The model newspaper is something that many university papers, like the Manitoban, also strive for. A good example of the Manitoban seeking to serve its purpose was in 2004 when differential fees for international students were being raised from 75 to 100 per cent. The Manitoban played an integral role in bringing this issue to light.
Student papers attempt to be a microcosm of the national debate — a campus talking to itself. The Manitoban is open to participation from all and encourages feedback. We print most letters to the editor from students, and last year as in other years we printed a reader survey that dozens of readers filled out.
Most readers who addressed the issue of balance in the paper complimented the Manitoban for offering a variety of opinions and perspectives on topics of relevance and interest to students, along with helpful comments of how the paper could be improved.
There were of course a handful of vitriolic comments made. The Manitoban often receives, as most publications do, acidic censures from readers who believe we give their views short shrift or that our news coverage is biased or that our comment section is bracketed to fit some pre-conceived agenda. Interestingly though, the paper has been accused of having opposing agendas.
A few readers who filled out the survey accused the paper of being fanatically left wing and implied that the Manitoban is a waste of paper — essentially the standard criticism of student papers.
Other readers have accused the paper of also having a “reactionary” or “conservative” agenda. In other words, a bias against the very left-wing politics that others have complained we follow so religiously.
Apparently, the Manitoban is at the same time an exclusive venue for cuckoo banana conspiracy theorists, and an ardent and slavish supporter of the most vile of right-wing agendas. Who knew!

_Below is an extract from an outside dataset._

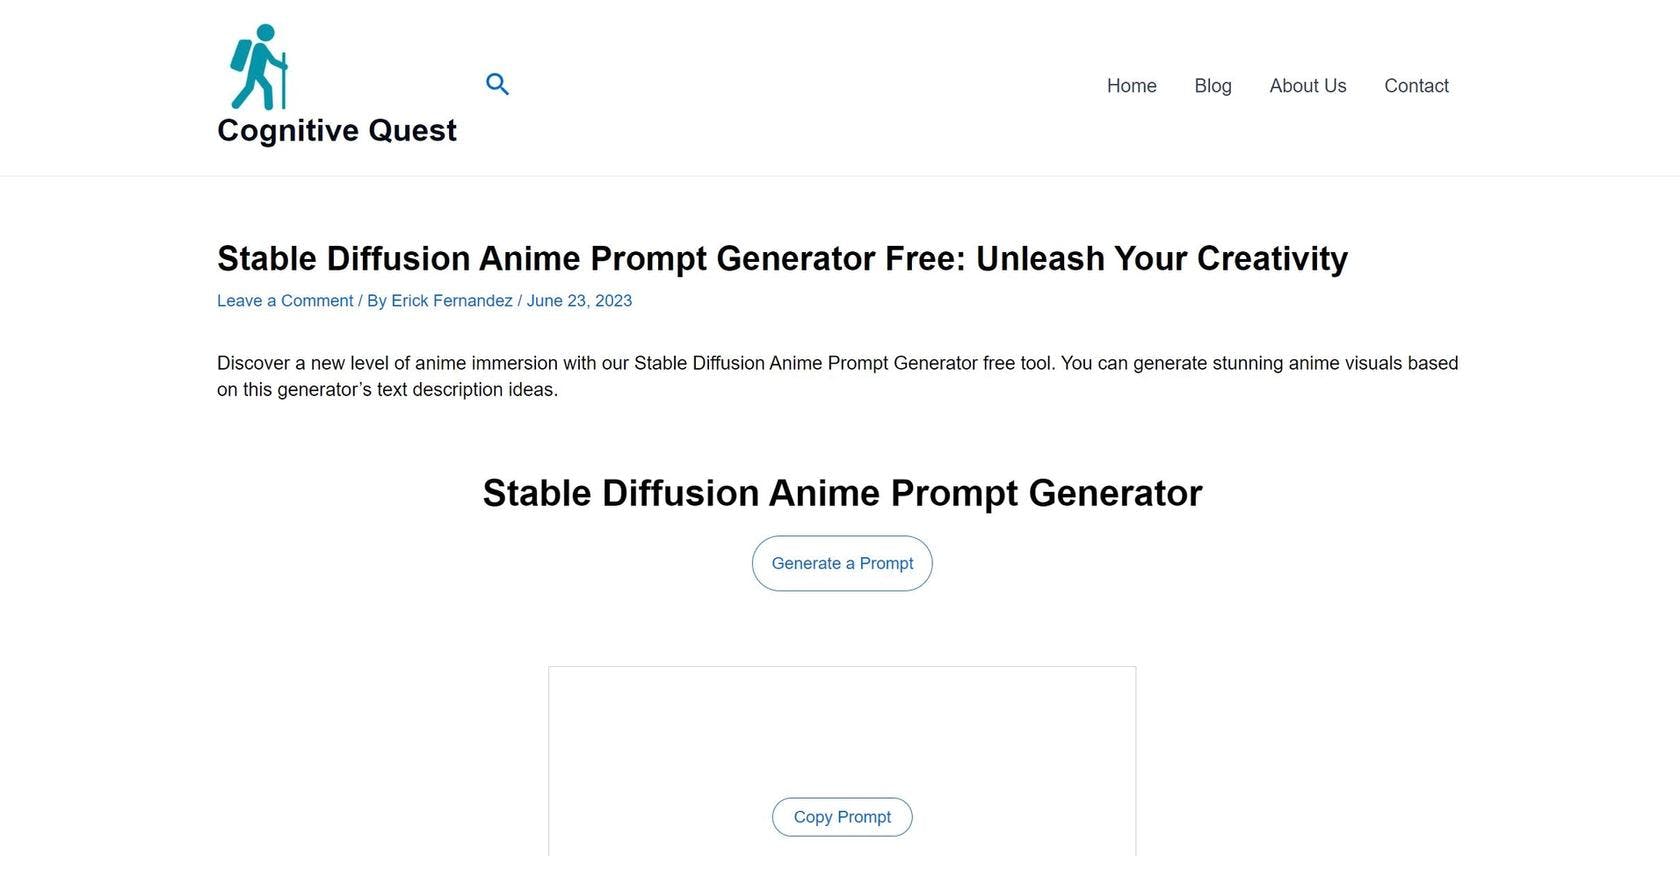 Stable Diffussion Anime Prompter

Media bias might be defined as the conscious or unconscious distortion of the facts to pursue an agenda. Often, partisans who levy epithets like “left-wing fanatic” and “reactionary” are so convinced that their worldview is the correct one that any information coming from a publication that does not appear to accept it wholesale, must be a hostile entity to be exposed.

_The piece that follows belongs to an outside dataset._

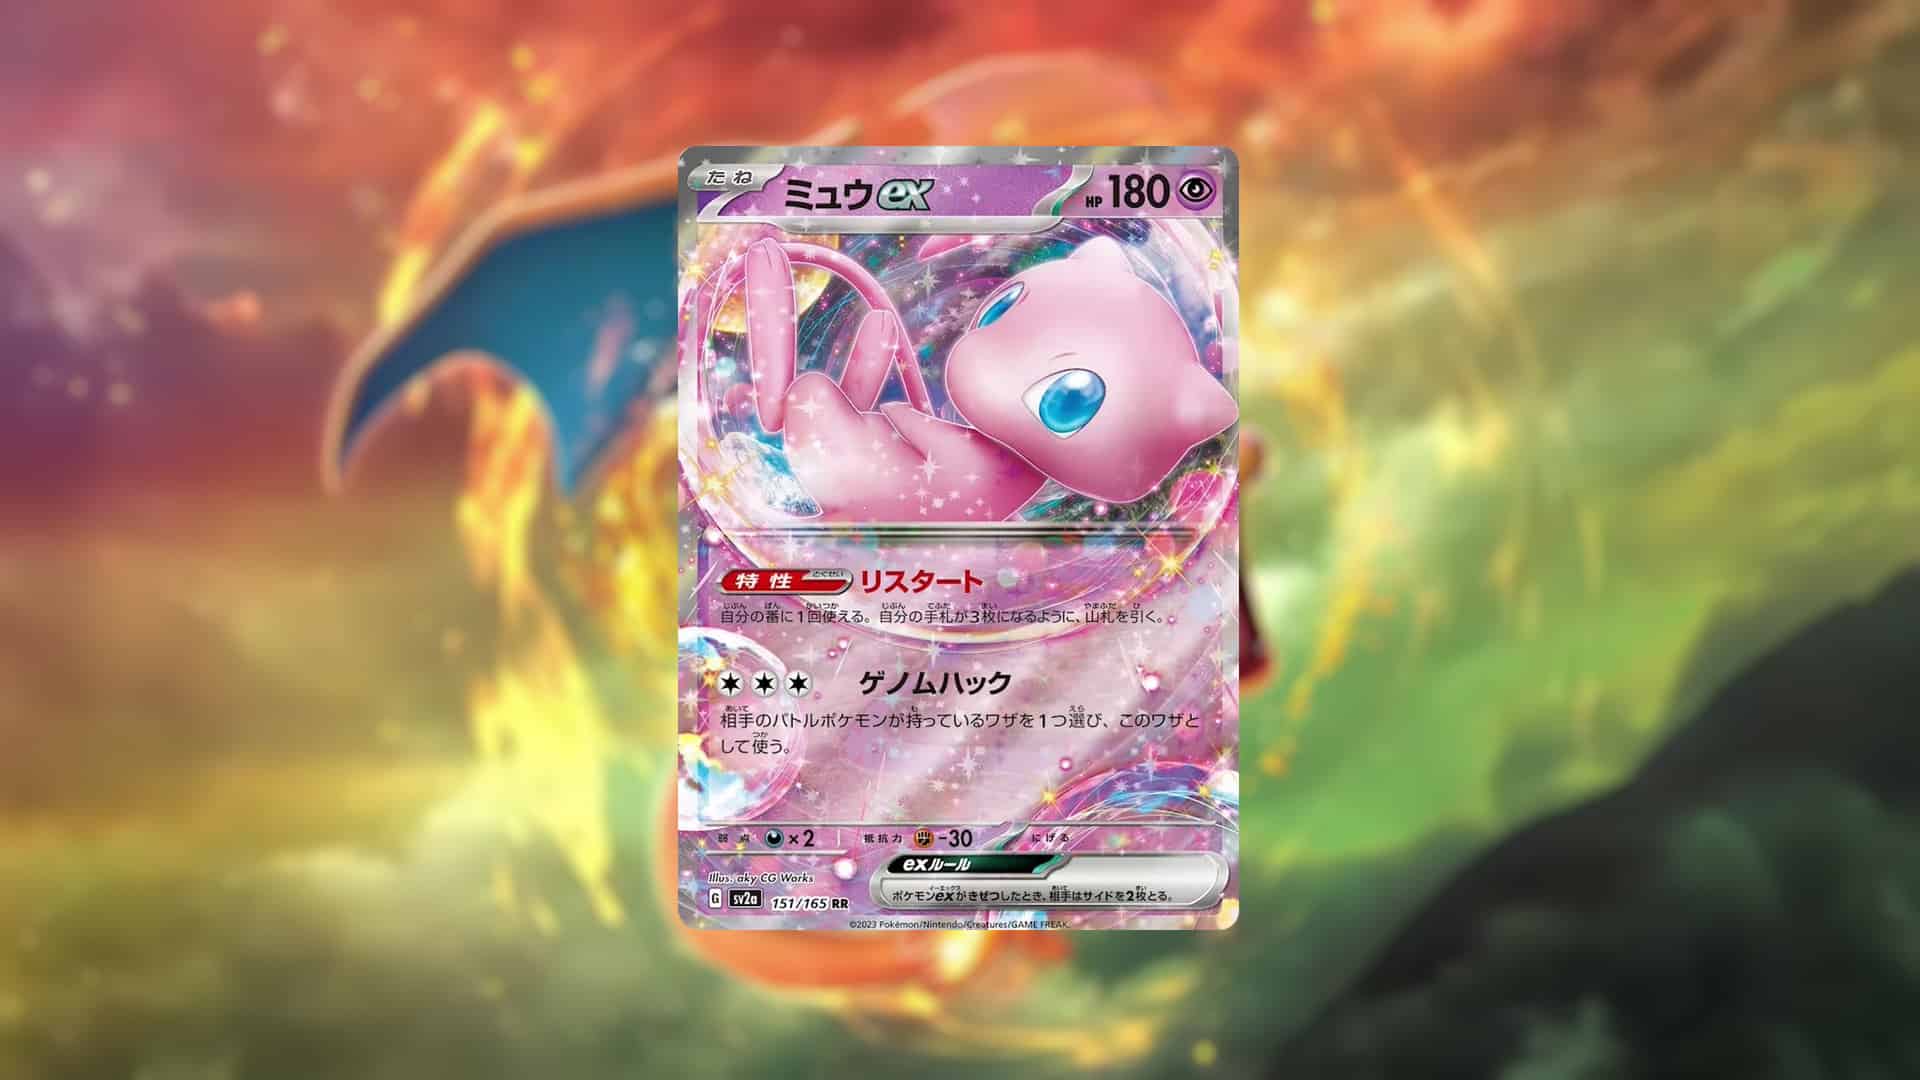 Picture of Mew EX from Pokemon 151

A number of recent studies have sought to illustrate and explain perception of bias in the media. The Washington Post, in late July, covered one of these studies which addressed perception of media bias from “pro-Israeli” and “pro-Arab” partisans. The architects of this study showed several television news stories covering the 1982 war between Israel and Lebanon to 144 participants.

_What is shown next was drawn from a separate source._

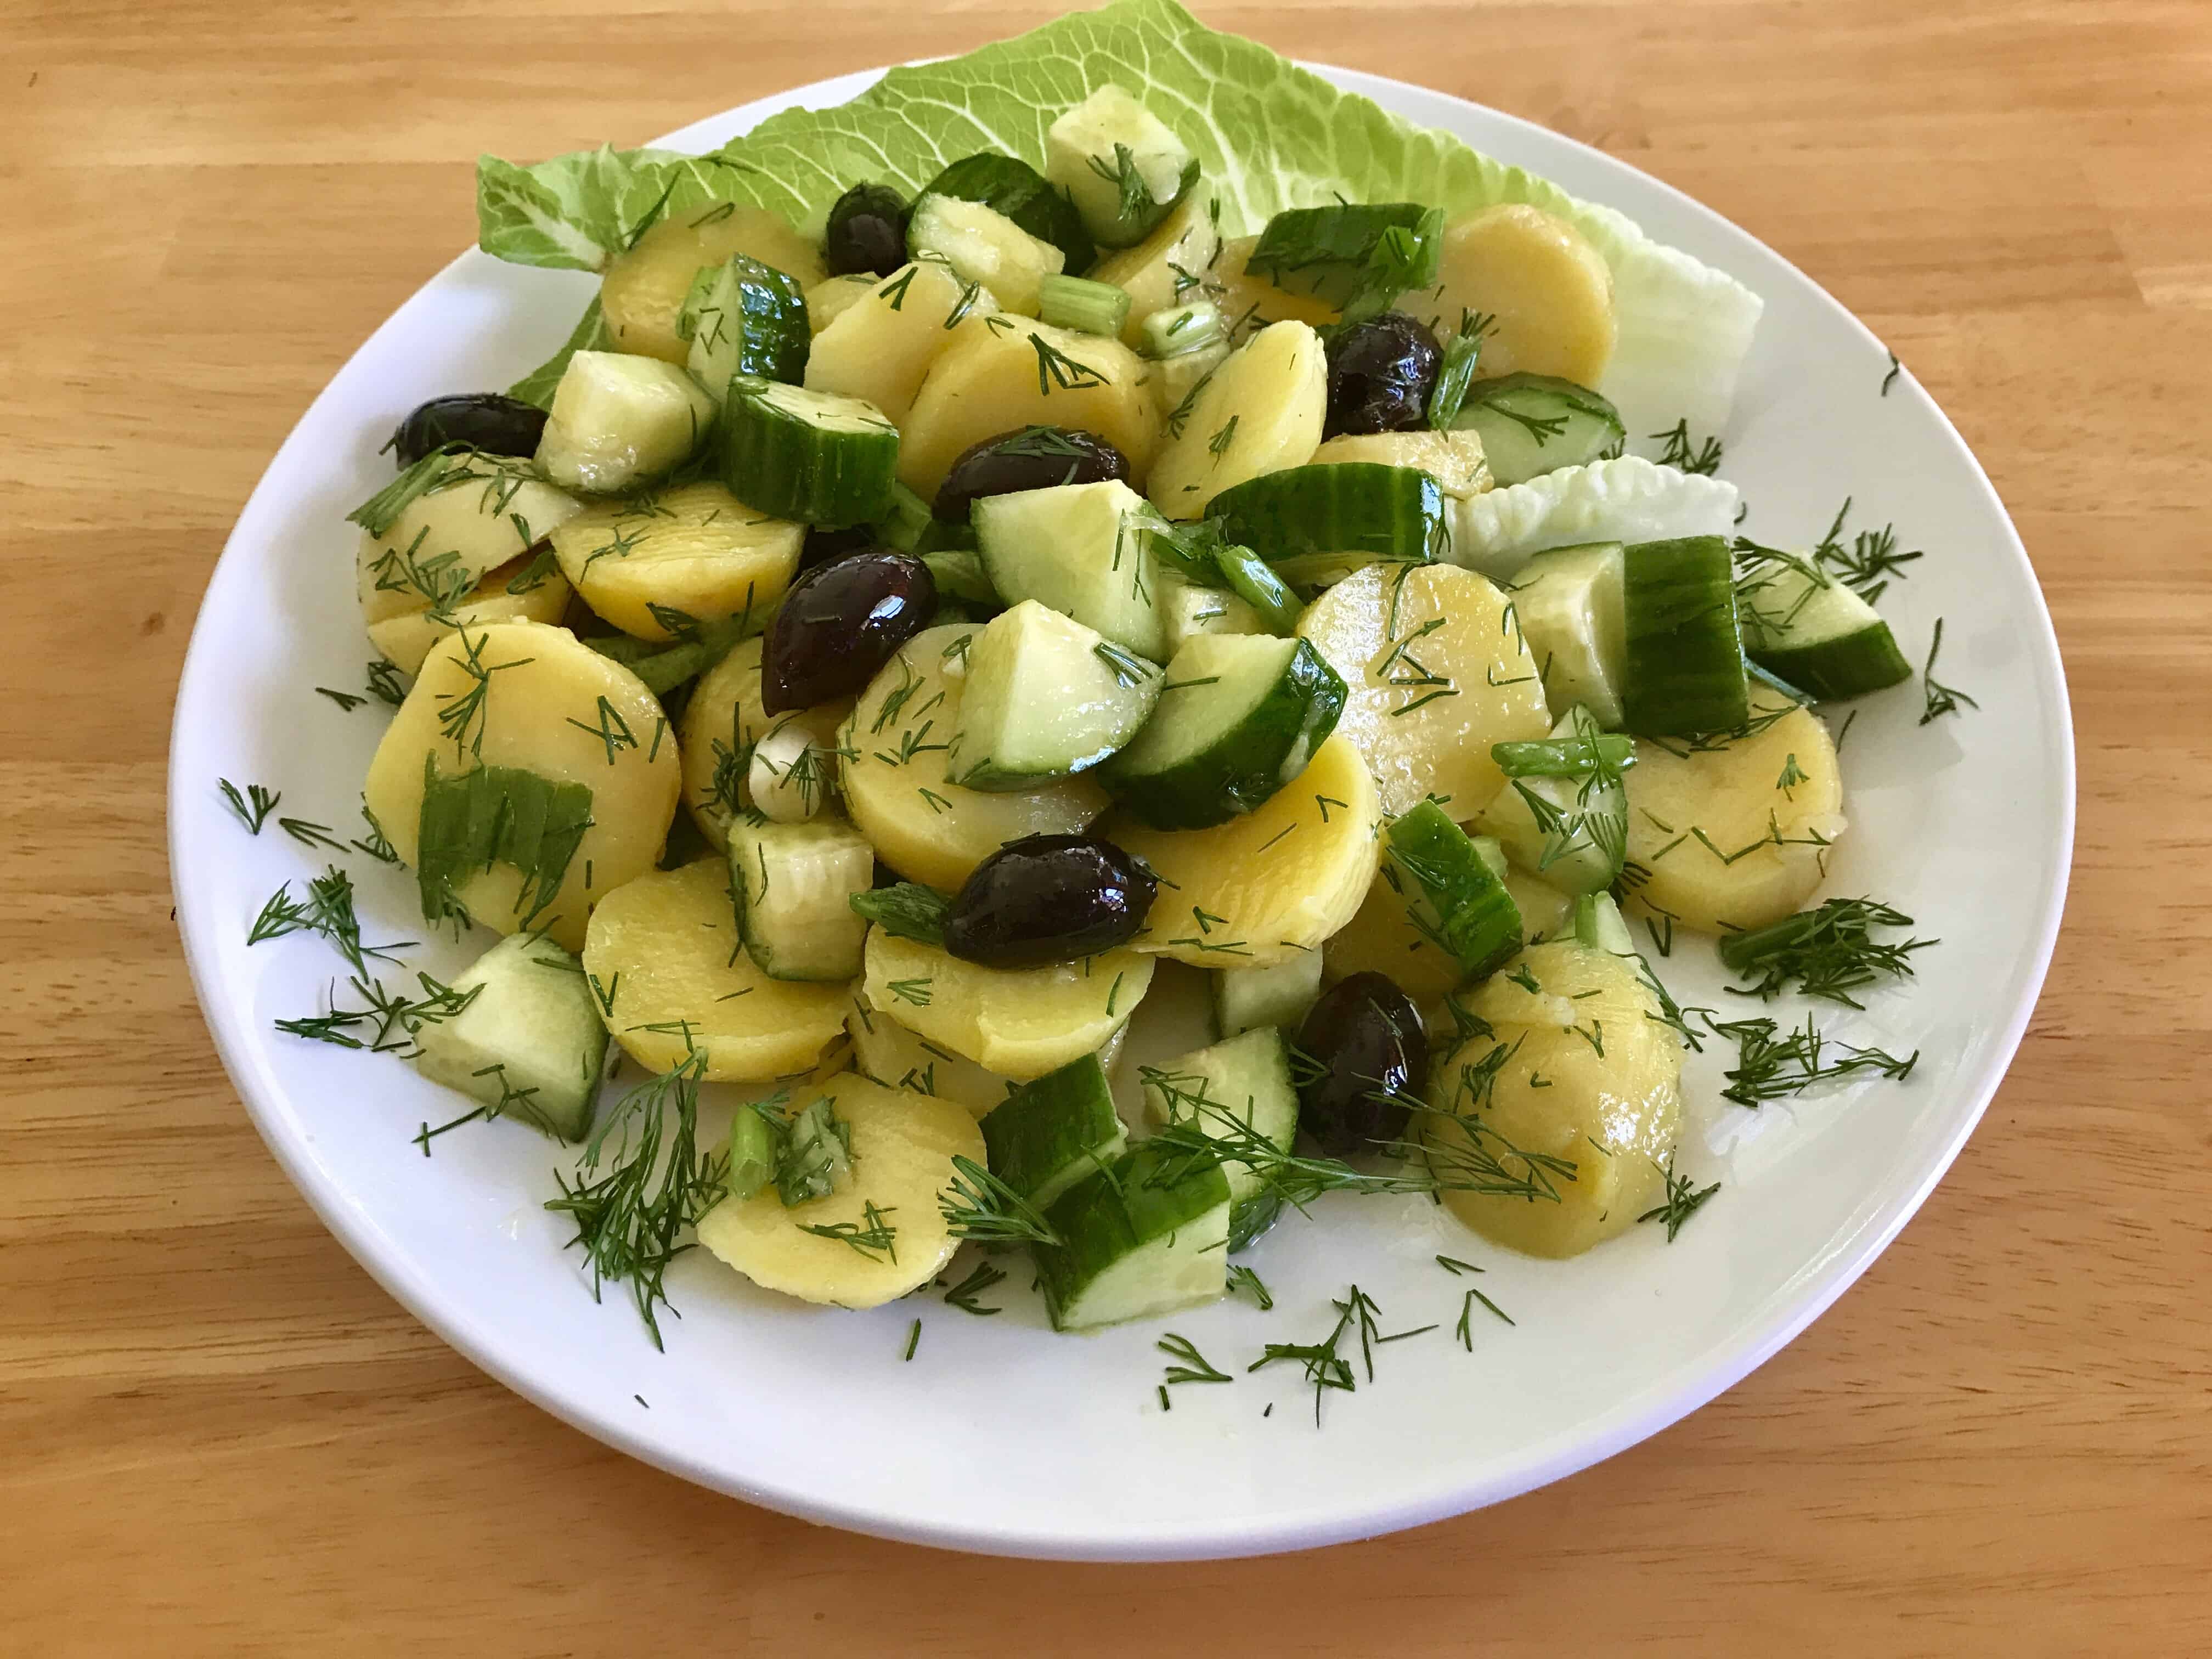 Dill potato salad, typical in most Mediterranean countries. It's served as a side dish to grilled meats

The pro-Arab viewers condemned the news coverage for being bias against the Arab side and favourable to Israel. Pro-Israeli viewers had exactly the opposite perception. Essentially as Stanford psychologist Lee D. Ross puts it in the Post article, “If I think the world is black and you think the world is white, and someone comes along and says it is gray, we will both think that person is biased.”
Another study led by Emory University researcher Drew Westen, performed functional magnetic resonance imaging (fMRI) scans on Democratic and Republican partisans. The study found that when coming to conclusions, the part of the brain responsible for reason showed no increased activity among participants. The parts of the brain that did show increased activity, however, were those responsible for emotion and pleasure.
In other words, while the study is far from concrete, it offers an explanation for what is often called the confirmation bias, whereby individuals hold beliefs so strongly that they seek information to support their own bias while ignoring what might be overwhelming evidence to the contrary.
None of this is to suggest that newspapers, including the Manitoban, are above criticism. They are not. Or that media bias is never a problem. It often is. But, within the pages of your campus rag, there should be something for everyone to agree with and disagree with, and hopefully plenty to talk about. A good newspaper tries to avoid pandering to one view or another. If there is truly going to be a campus conversation, students must be skeptical of not only what they perceive to be a manipulation of facts, but of what they believe to be true.